What you are asked to do: Return nothing but the lines from the one with "LOT OF GUN DRILL" through the one with "How to Blanch Vegetables" in the data below, word for word and without pictures.

Data in this exercise:
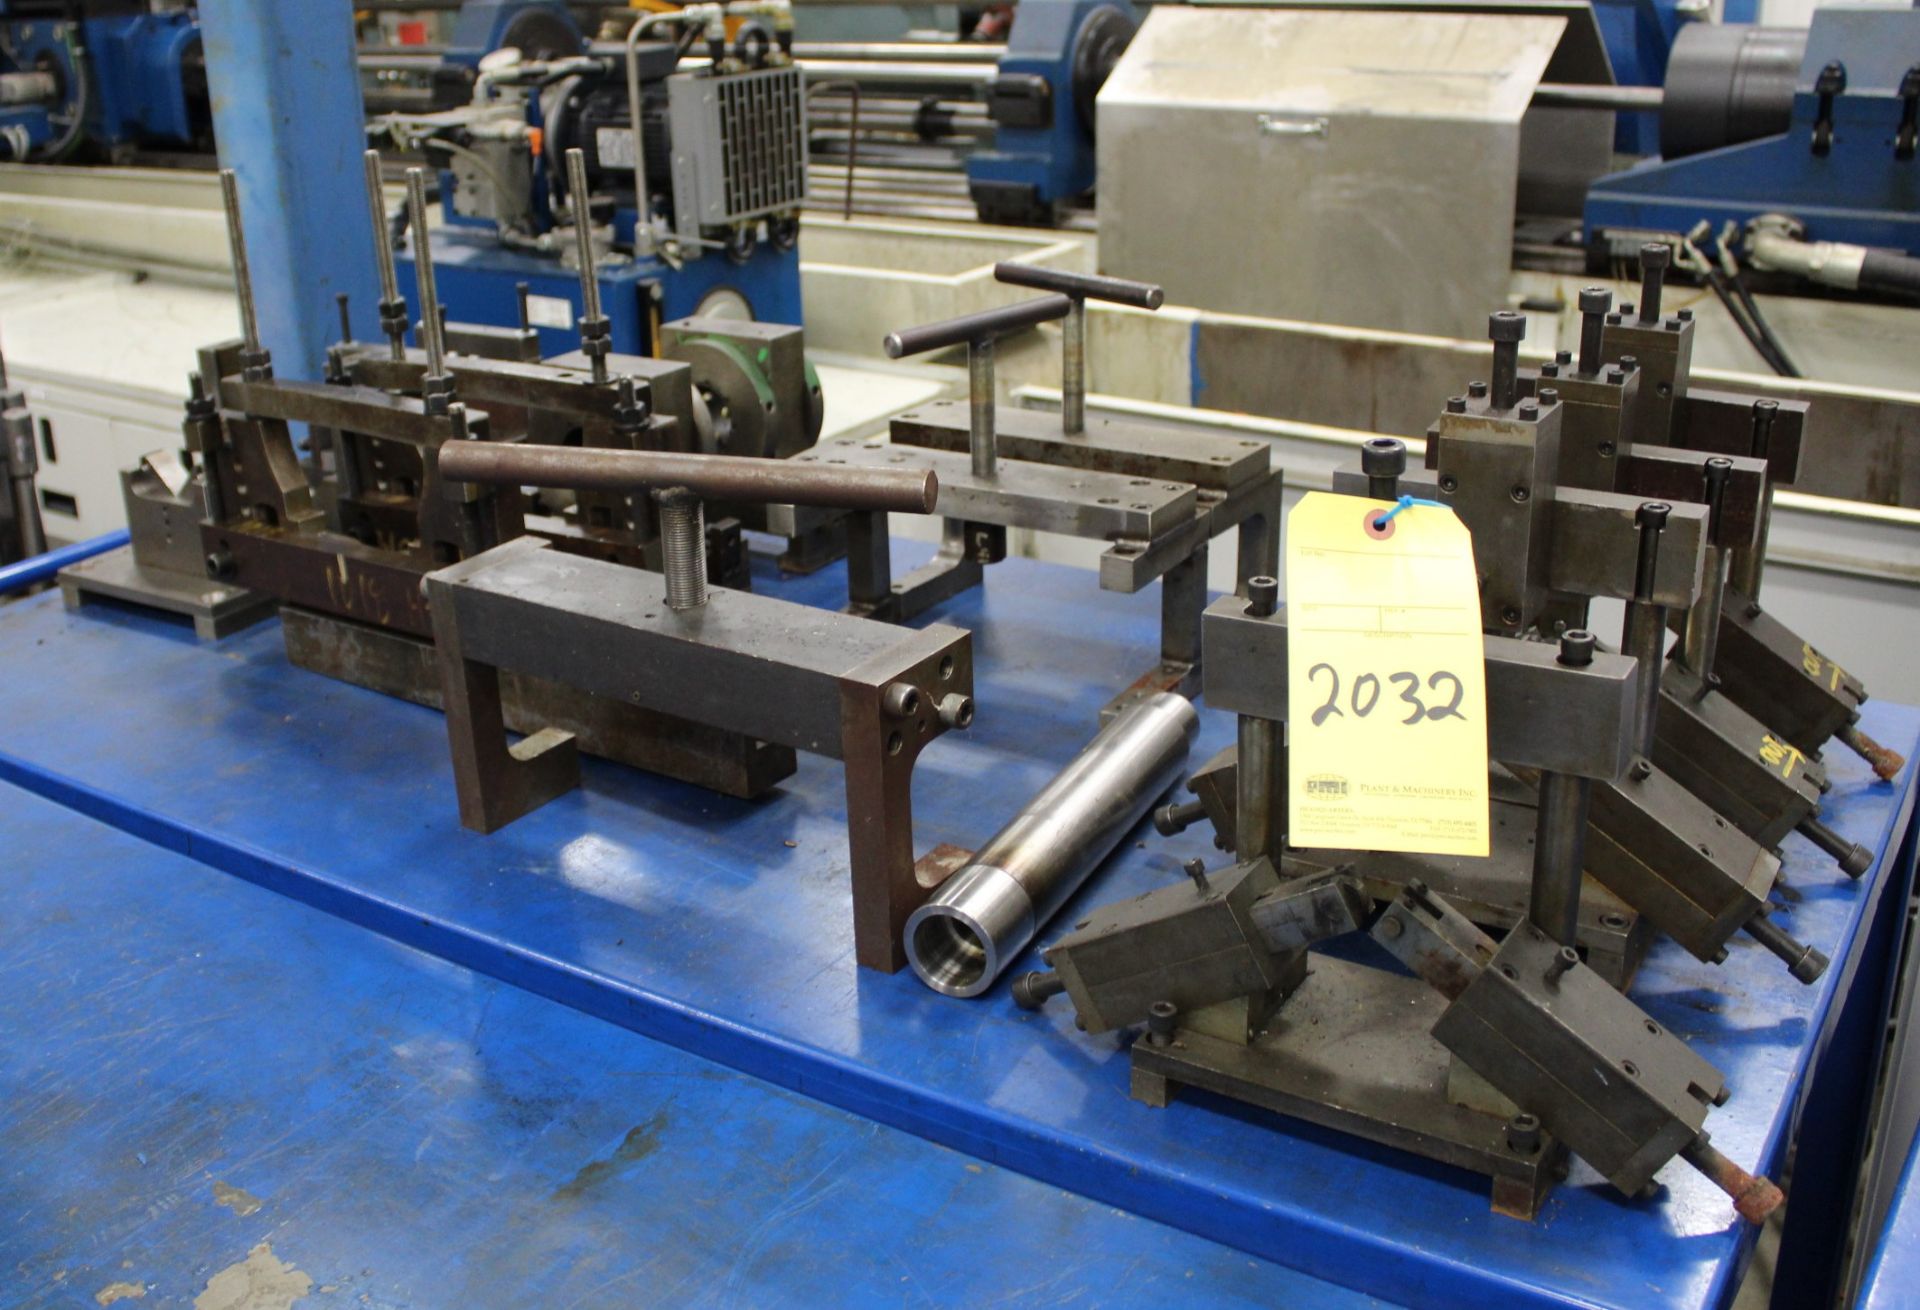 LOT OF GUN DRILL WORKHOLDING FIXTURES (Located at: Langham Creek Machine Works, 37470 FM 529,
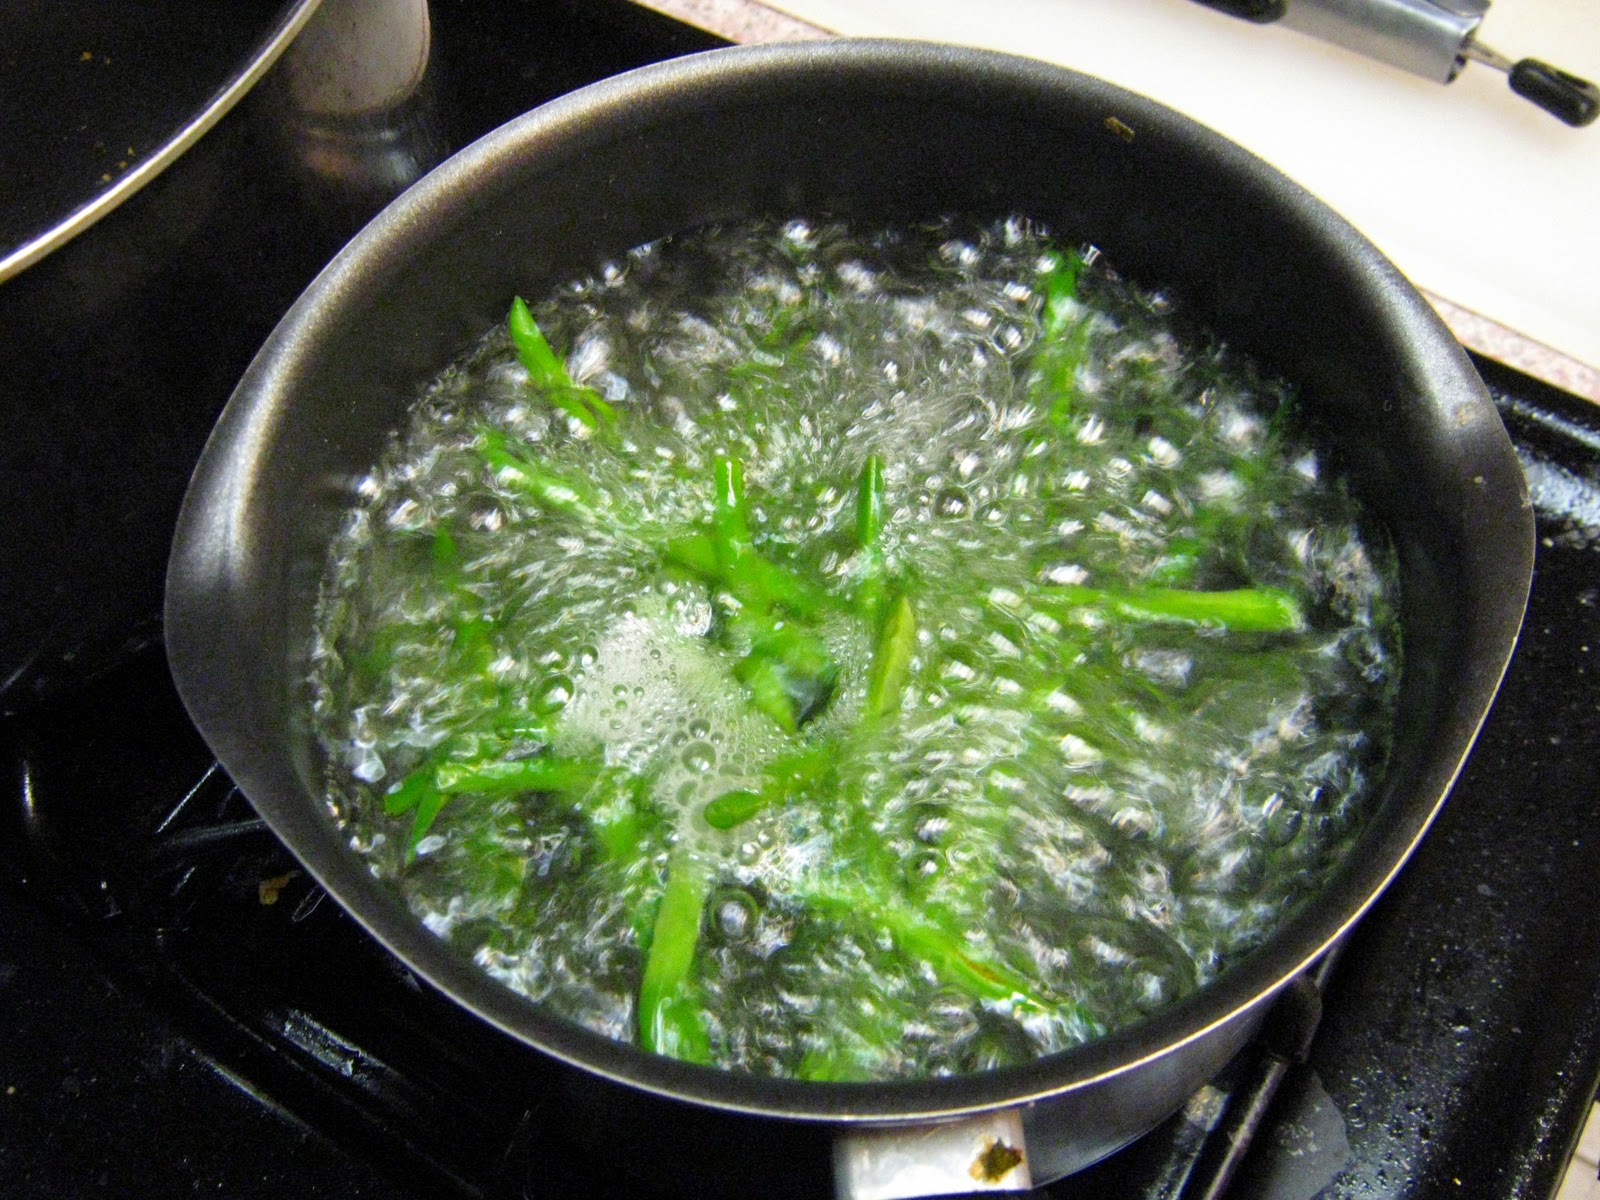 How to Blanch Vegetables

--

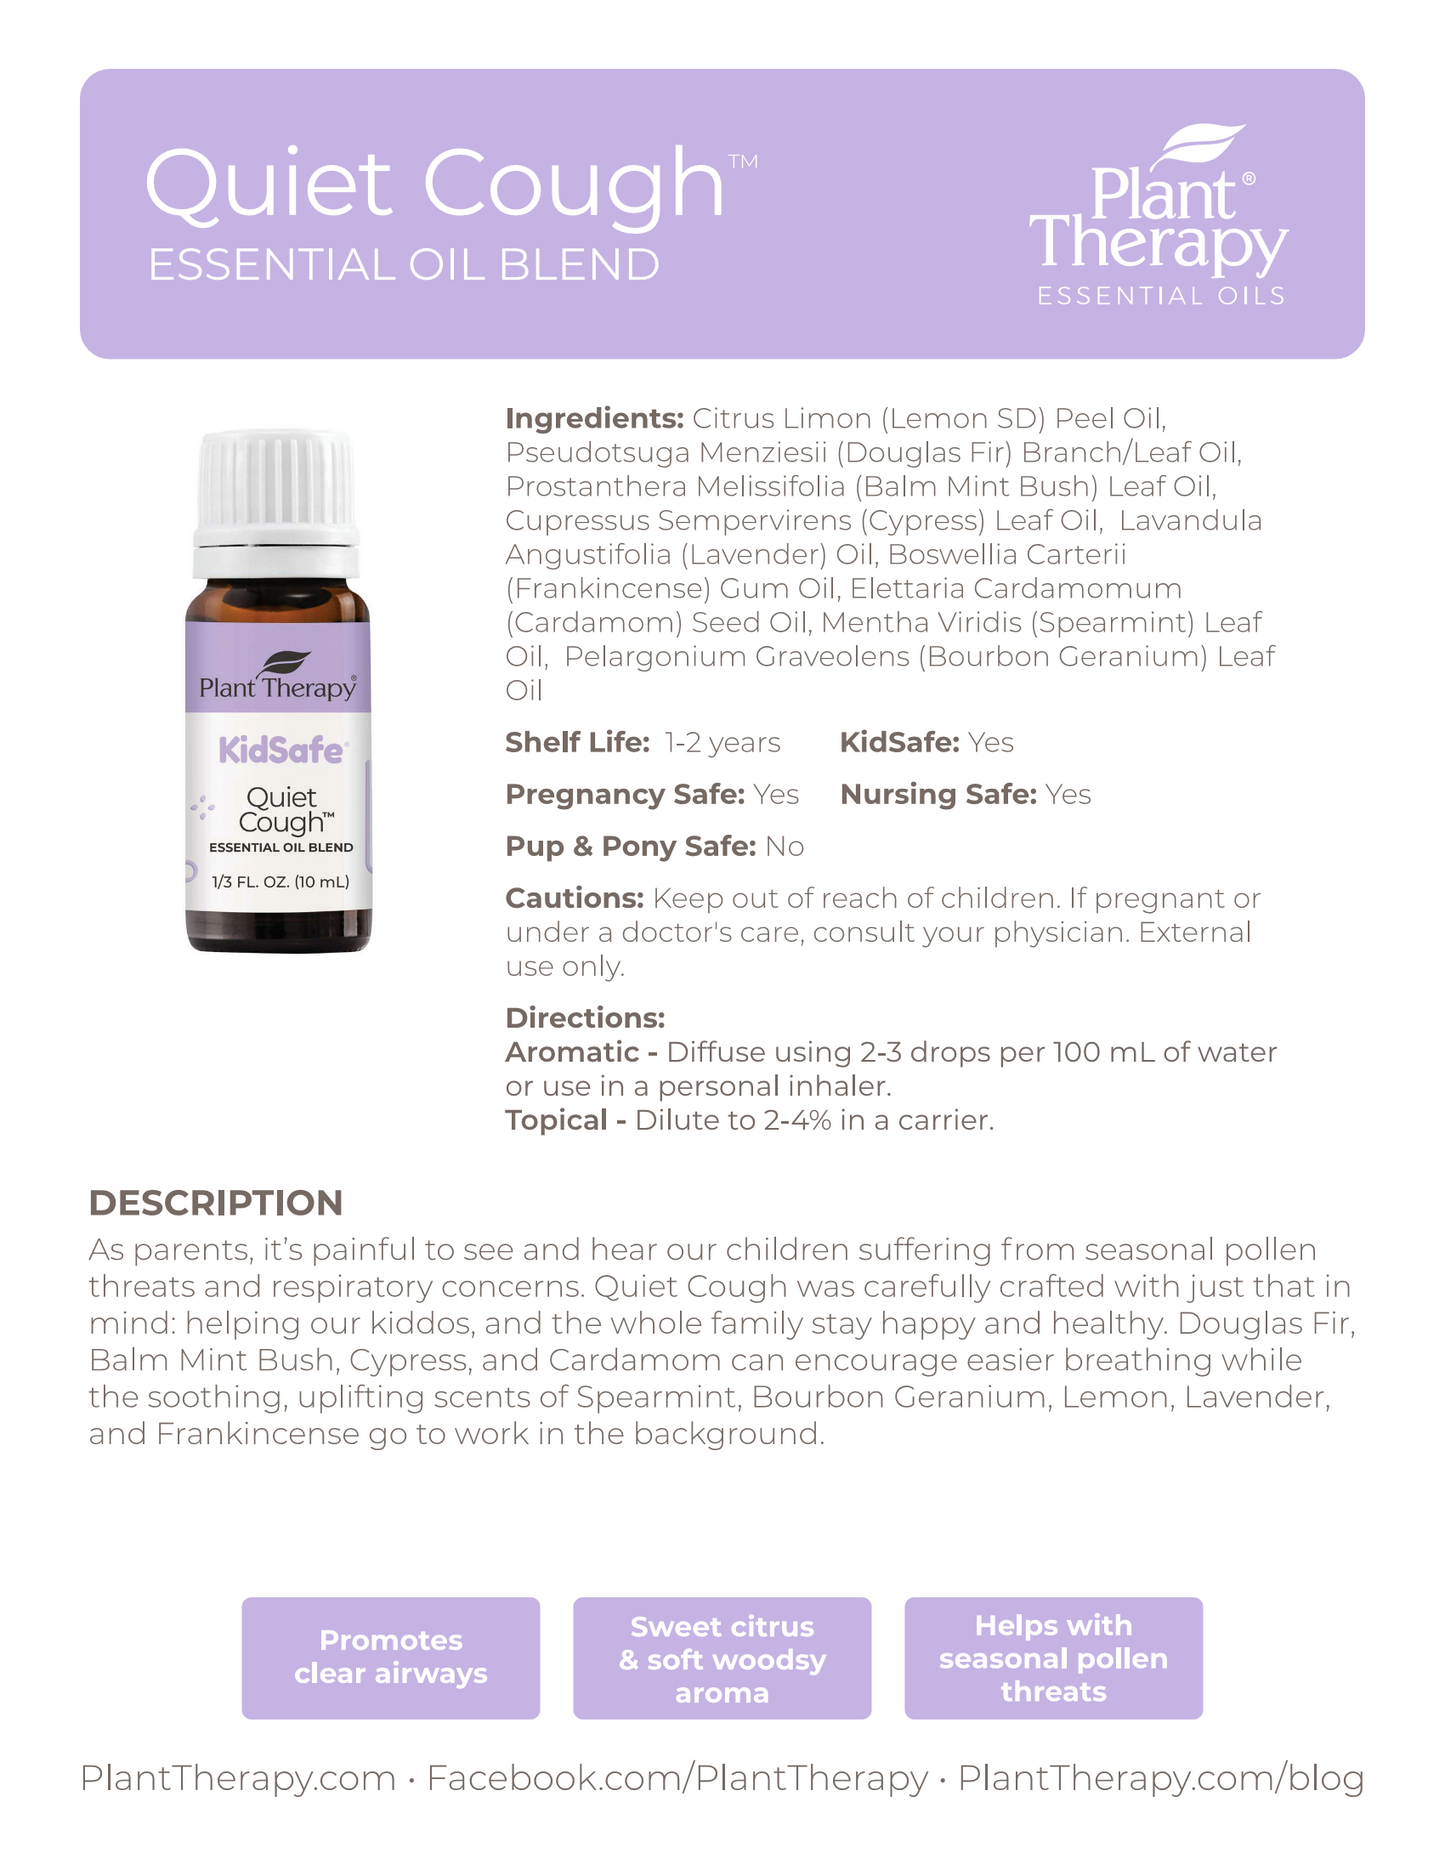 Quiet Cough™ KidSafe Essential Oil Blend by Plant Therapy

Output of the exercise:
 LOT OF GUN DRILL WORKHOLDING FIXTURES (Located at: Langham Creek Machine Works, 37470 FM 529,
 How to Blanch Vegetables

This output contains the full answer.